Secure Deployment
You can deploy your Barracuda Web Security Gateway either behind your corporate firewall or in front of your corporate firewall in the DMZ. However, for maximum security, Barracuda Networks recommends deploying the Barracuda Web Security Gateway behind a corporate firewall. See Deployment Options.
Securing Network Access
To secure your Barracuda Web Security Gateway on your network, begin by locking down the user interface ports. Barracuda Networks recommends using the non-standard port 8000 for internal access to the web interface, which is configured on the BASIC > Administration page. From that page you can also further limit access to the web interface by IP address with the Administrator/IP Range setting. If no IP address is specified in this field, all systems are granted access with the correct administrator password.

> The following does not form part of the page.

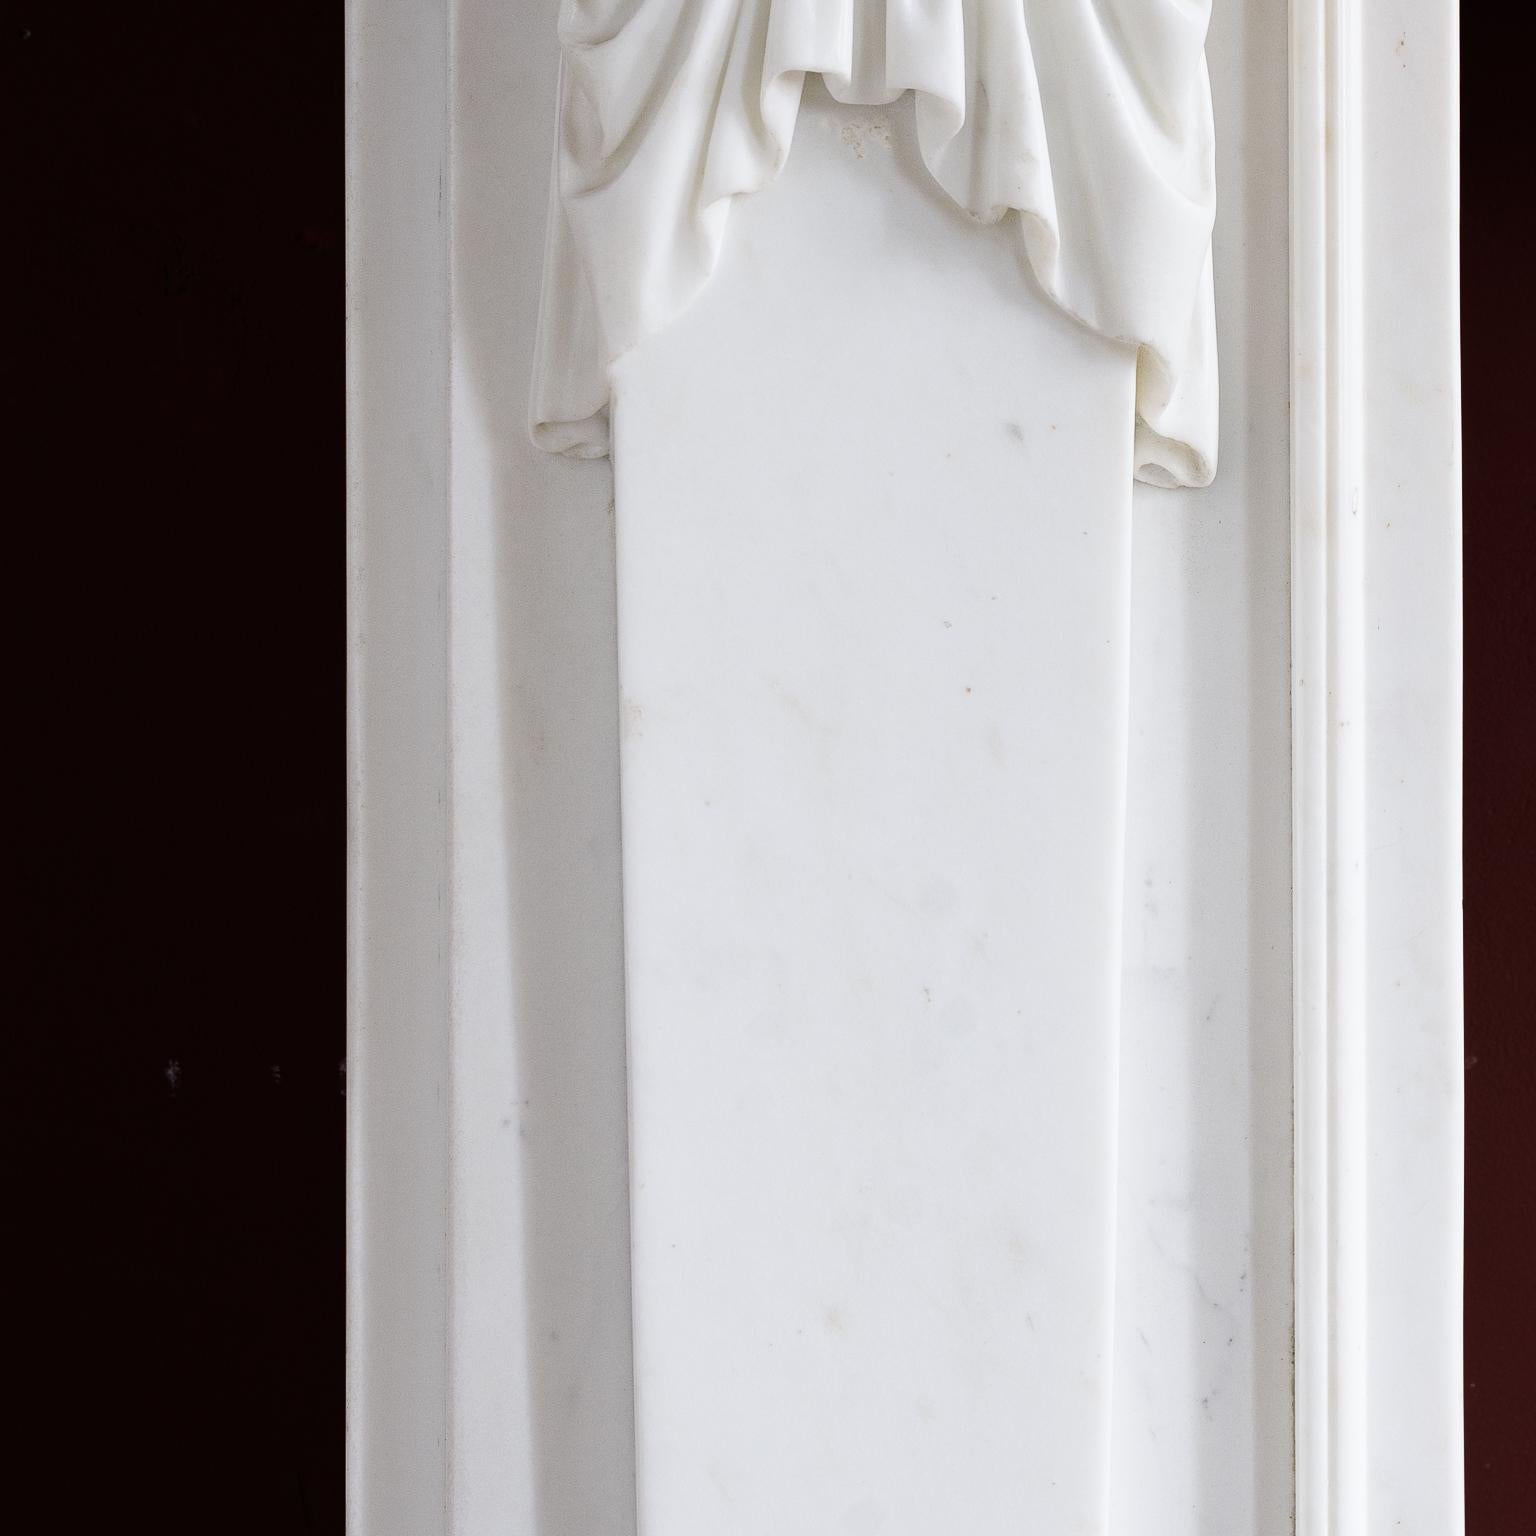 Bildhauer-Marmorkamin im Regency-Stil im ägyptischen Stil (Bildhauermarmor)

You can secure external access to the Barracuda Web Security Gateway with the Web Interface HTTPS/SSL Port setting on the ADVANCED > Secure Administration page. The recommended port is 443 because it is a standard HTTPS/SSL port used for secure web browser communication and because the identity of the remote-connected server can be verified with significant confidence. When this feature is enabled, all non-SSL connection requests coming through the web interface HTTP port (as designated on the BASIC > Administration page) are automatically re-directed to the Web Interface HTTPS/SSL Port you designate. To configure SSL-only access to the web interface, see How to Enable SSL for Administrators and Users.

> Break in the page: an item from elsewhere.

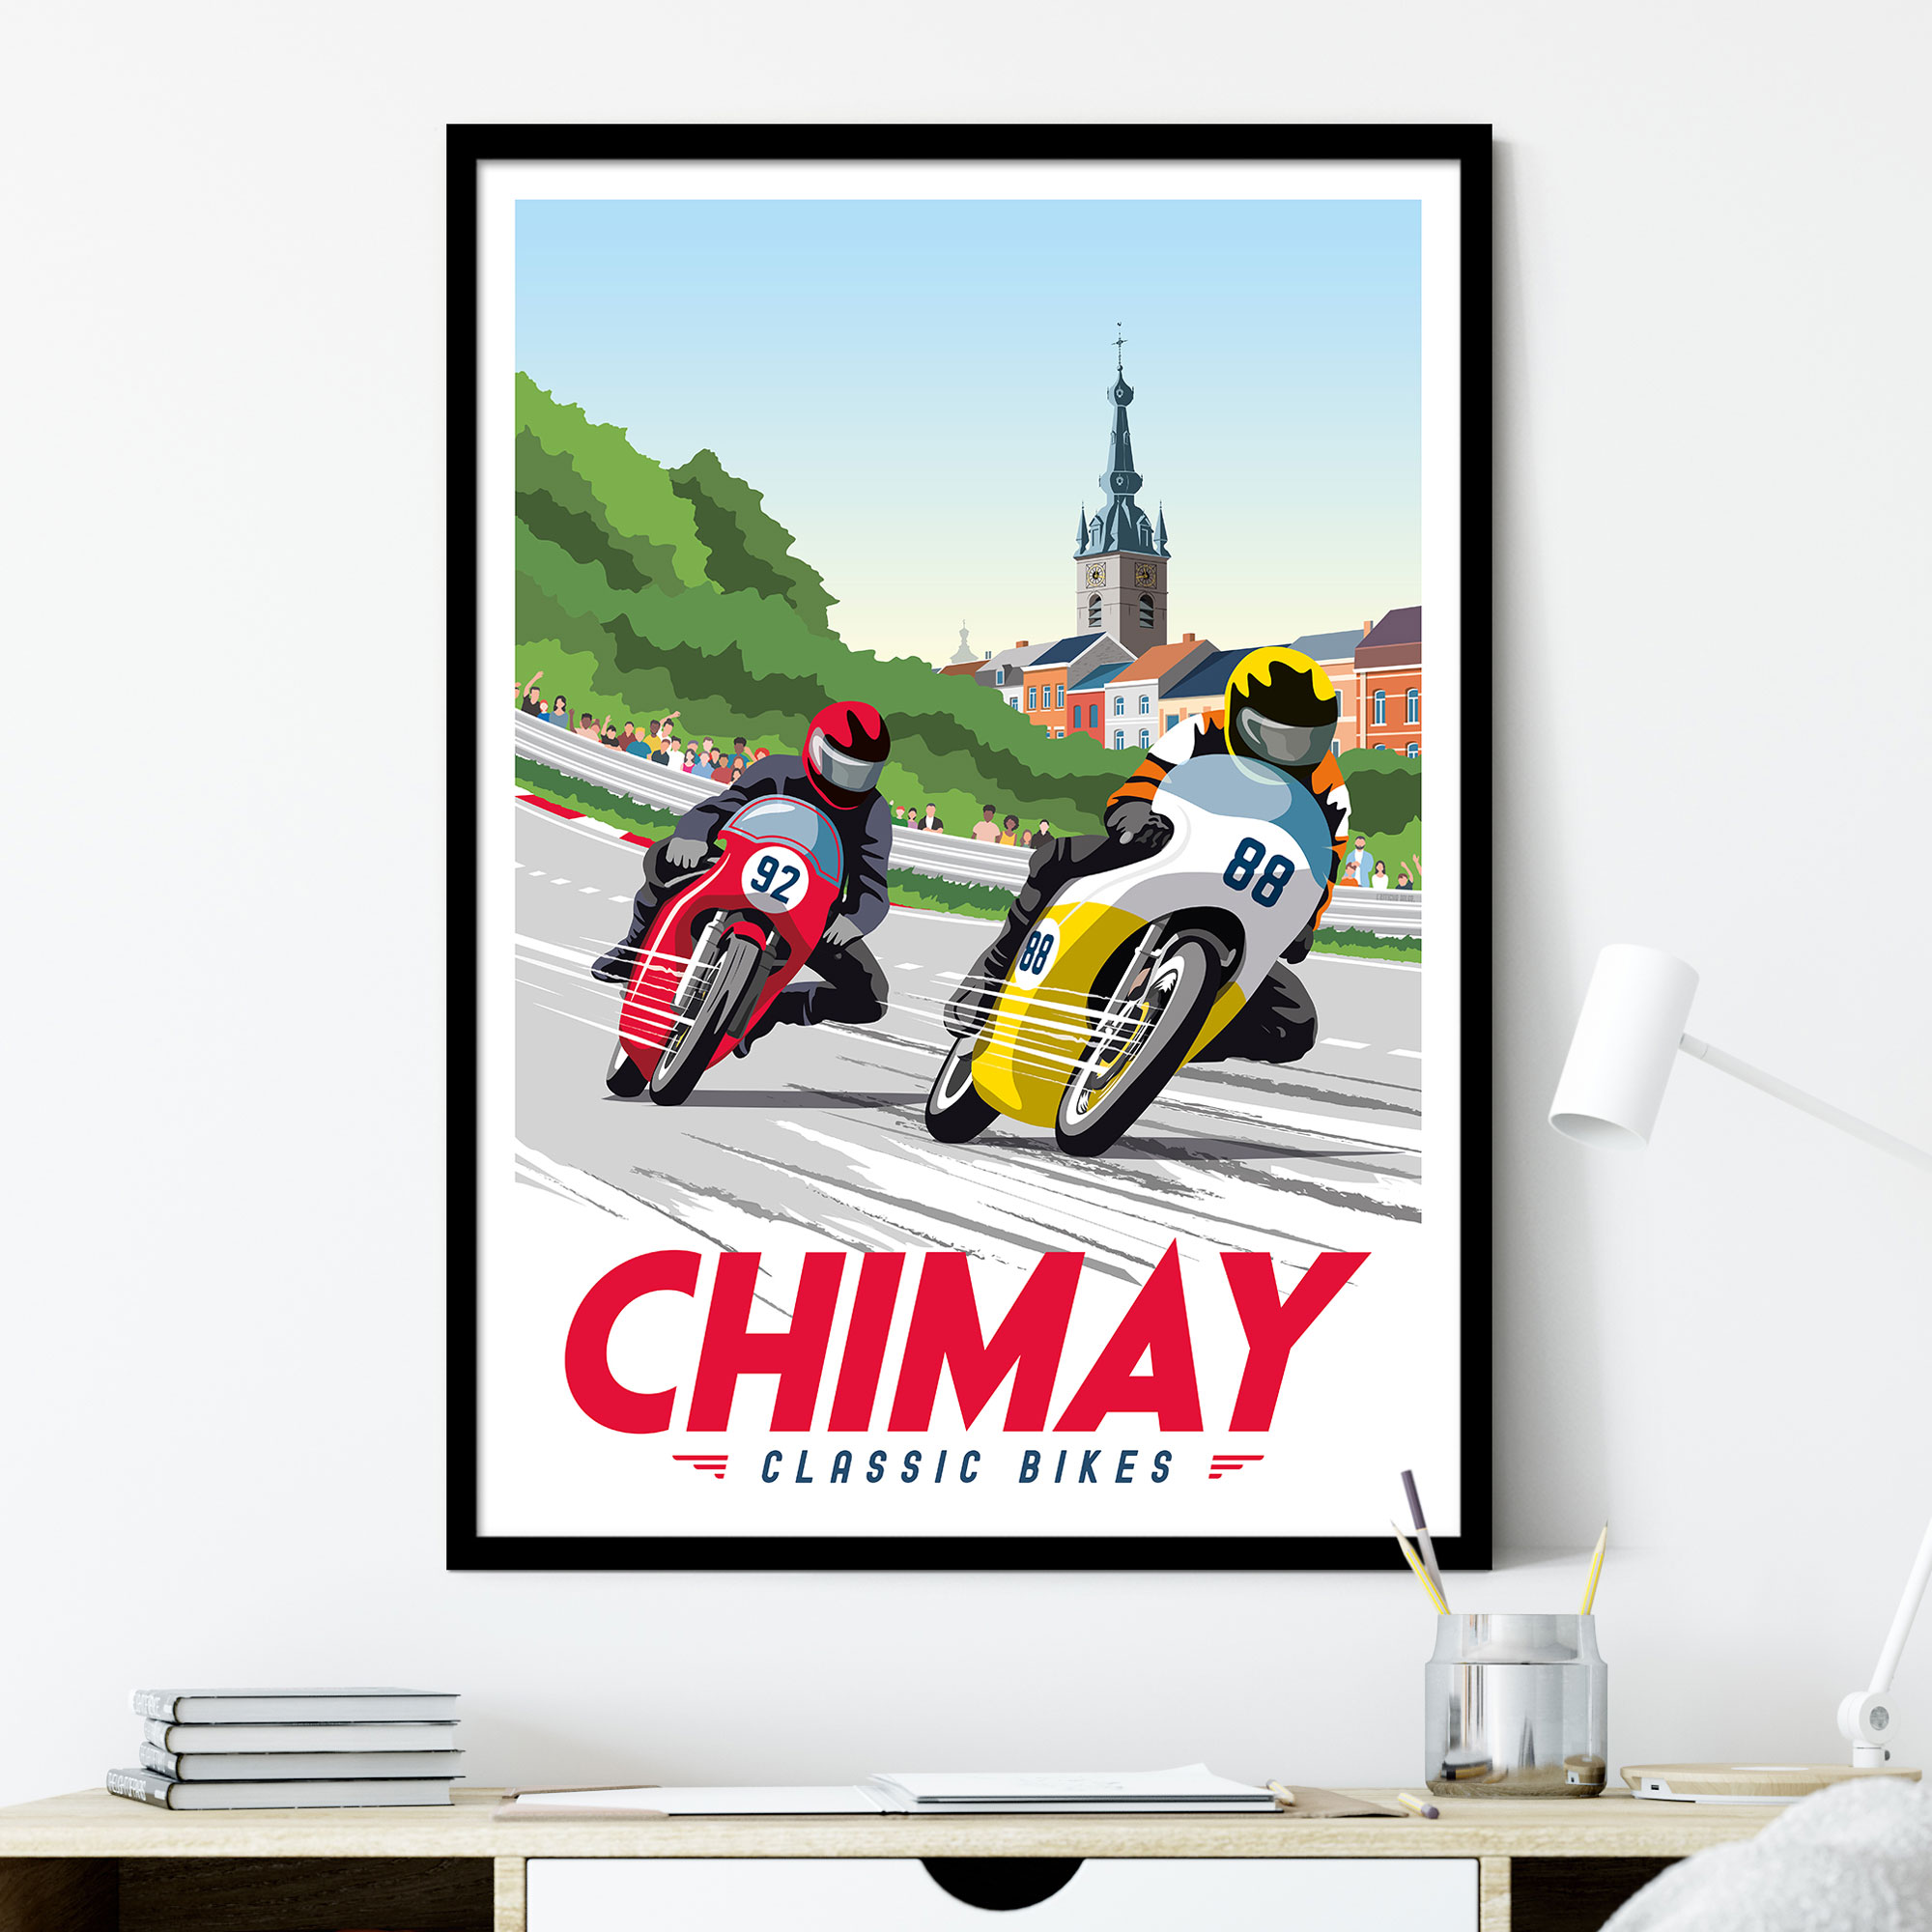 Chimay - Klassieke fietsen

Integration with External Systems and Services - Security Considerations
The Barracuda Web Security Gateway integrates with other systems and services in your environment, like your LDAP server and mail servers. Barracuda Networks recommends creating separate service accounts for these integration points, rather than personal accounts, and then using the principle of least privilege. This integration strategy is part of an overall security policy. For more information, see Security for Integrating with Other Systems - Best Practices.
SSL Certificates
As described above, limiting user interface access to HTTPS provides further security and can also be configured on the ADVANCED > Secure Administration page along with the use of SSL certificates. There are three types of SSL certificates to choose from:
- Default (Barracuda Networks)
- Private (self-signed)
- Trusted certificate - a certificate signed by a trusted certificate authority (CA)

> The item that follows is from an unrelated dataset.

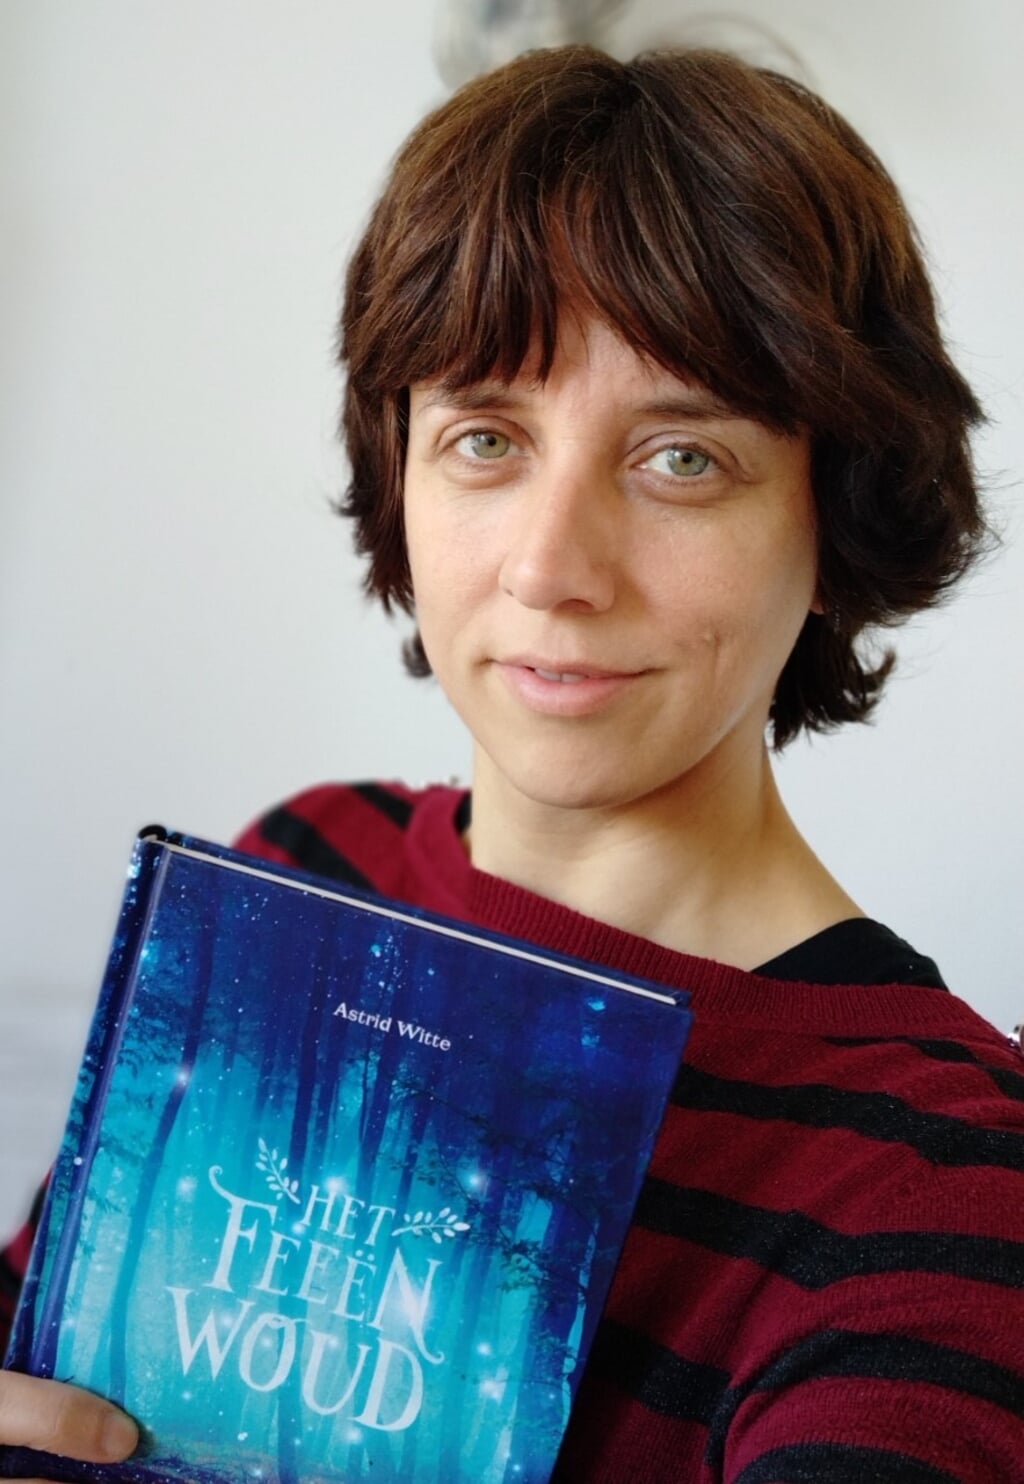 Schrijfster Astrid Witte met haar boek "Feënwoud".

For more information about the types of certificates and how to configure them, click Help on the ADVANCED > Secure Administration page.
Limiting Access to the API
The Barracuda Networks set of APIs provides for remote administration and configuration of the Barracuda Web Security Gateway. By using the Barracuda Web Security Gateway APIs, IT administrators can easily manage large blocks of usernames, create local or IP groups, and configure some single global variables. For more information, see Barracuda Web Security Gateway API Guide.
To limit access to the API, use the Allowed SNMP and API IP/Range setting on the BASIC > Administration page. The IP addresses you enter in that field can also establish an SNMP connection to the system.To secure use of the API, you must also create an API password, which can be entered on the same page.
Firmware Updates and Patch Management
Barracuda Networks recommends these best practices for keeping your Barracuda Web Security Gateway up to date:
- Firmware updates – Use the ADVANCED > Firmware Update page to manually update the firmware version of the system or revert to a previous version. If you have the latest firmware version already installed, Download Now is disabled. See Updating Your Firmware and Definitions for details on how to install.
- Energize updates – Keeping your Barracuda Web Security Gateway Energize Updates (spyware, virus and other definitions) subscription up to date is critical for providing the best protection for your network and user web traffic. The Barracuda Web Security Gateway will prompt you with a message at the top of the BASIC > Dashboard page before the subscriptions expire. If they do expire, the change in functionality of the system is described in the article When Your Energize Updates Subscription Expires. Barracuda Networks recommends setting Automatic Updates to ON on the ADVANCED > Energize Updates page.
- Product patch management – Set Enable/Disable Product Patches to ON to keep your Barracuda Web Security Gateway up to date with the latest firmware patches, which may include security updates.